Banking on AI: why QA teams in finance are in dire need of new skills

Joe Levy, the chief executive officer of Uplevel

Banks are racing to bolt AI onto everything from test automation to release pipelines. Speed is the story. But the real story is measurement, and most firms are measuring the wrong things. That’s why so many AI pilots feel impressive in demos and disappointing in production. The output is up; the outcomes are not.

“The potential of AI to deliver customer value is far greater than just code generation,” stressed Uplevel CEO Joe Levy, based in Seattle.

“Leaders should consider new use cases that clarify customer needs and automate time-consuming tasks like reviews, deployments and testing. That’s where AI begins to deliver real customer value, in the outcomes, not just the code.”

A new survey of 101 engineering leaders lays out the contradiction. Nearly nine in ten say they’re ready for AI. Almost all admit they lack the capabilities to manage it. They talk about business impact and track developer activity.

Most know cross-team coordination and architecture are the real bottlenecks, while they still optimise for lines of code, pull requests and story points. In banking, where resilience and compliance rule, that mismatch is not a quirk. It’s a risk.

Measure what matters

The report’s through-line is blunt: teams are using AI while judging it with pre-AI yardsticks. That skews incentives towards visible, individual productivity and away from the messy middle where delivery succeeds or fails: handoffs, integration, documentation, approvals, controls. In large institutions, that “middle” is where operational risk lives.

Leaders know this, at least instinctively. When asked what throttles delivery speed, they point to cross-team dependencies, technical complexity and unclear requirements.

Yet the dashboards stay fixed on individual output. The result is productivity theatre. Code moves faster; cycle time doesn’t. AI accelerates what’s already happening in the system. If collaboration is weak and architecture is brittle, AI just hits the gas.

Matthew Kirk, an AI/ML researcher quoted in the study, cuts to the chase: “A lot of the excitement over AI is really excitement over the idea of a hero programmer. The trouble is, people love the idea of the 10x programmer that AI could be, but then complain about the tech debt and communication issues it creates. Turns out 10x programmers can write 10x more software but also create 10x more problems.”

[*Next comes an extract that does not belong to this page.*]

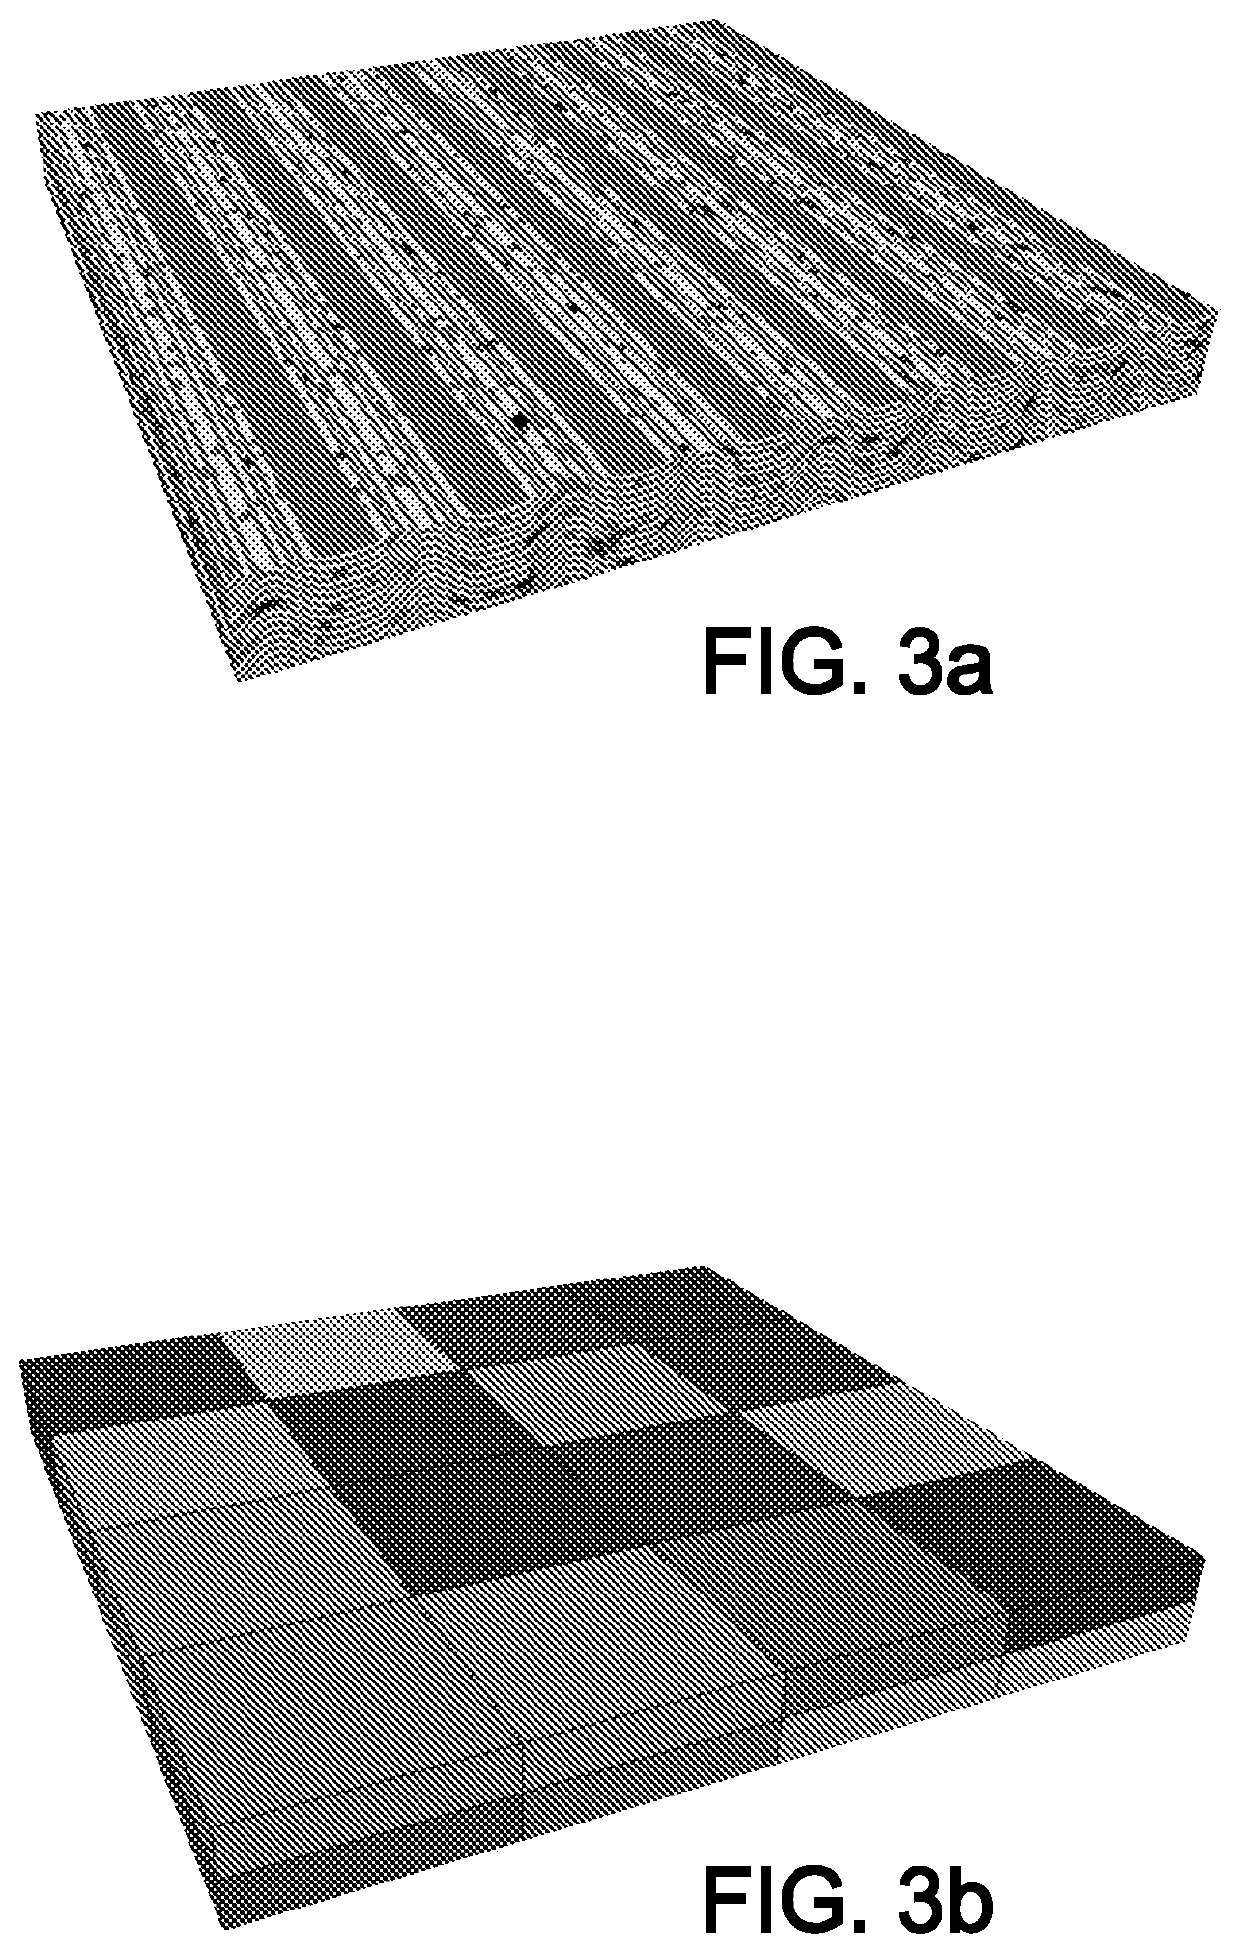 A method for forming coarse-scale 3D model of heterogeneous sedimentary structures

But banks do not need heroics, they need evidence. Did AI reduce incident rates? Shrink approval queues? Improve traceability for auditors? Tighten feedback loops between product and testing? If you can’t see those effects, you’re not measuring AI, you’re measuring motion, the report stated.

Financial services twist

Boardrooms want velocity, while regulators want assurance. Those priorities can align, but only if QA rewires how it works, and how it proves what works.

Amy Carrillo Cotten

The survey showed 30% of leaders ranking data security and privacy as their top AI concern, with 27% calling AI-driven technical debt the biggest strategic risk. That’s not conservatism; it’s context. Payment rails, core banking, trading, KYC: none of them tolerate flaky automation or opaque models, the authors wrote.

Amy Carrillo Cotten, Director of Client Transformation at Uplevel, described the ground truth: “Quality and security risks are the most important considerations on people’s minds in 2025, not proving ROI. From the top, people are focused on velocity, and there’s little dialogue about real, meaningful quality and security risks.”

In finance, “meaningful” has a precise translation: can you demonstrate that AI-enabled changes are safe, repeatable and compliant, and do it on demand? Carrillo Cotten wondered.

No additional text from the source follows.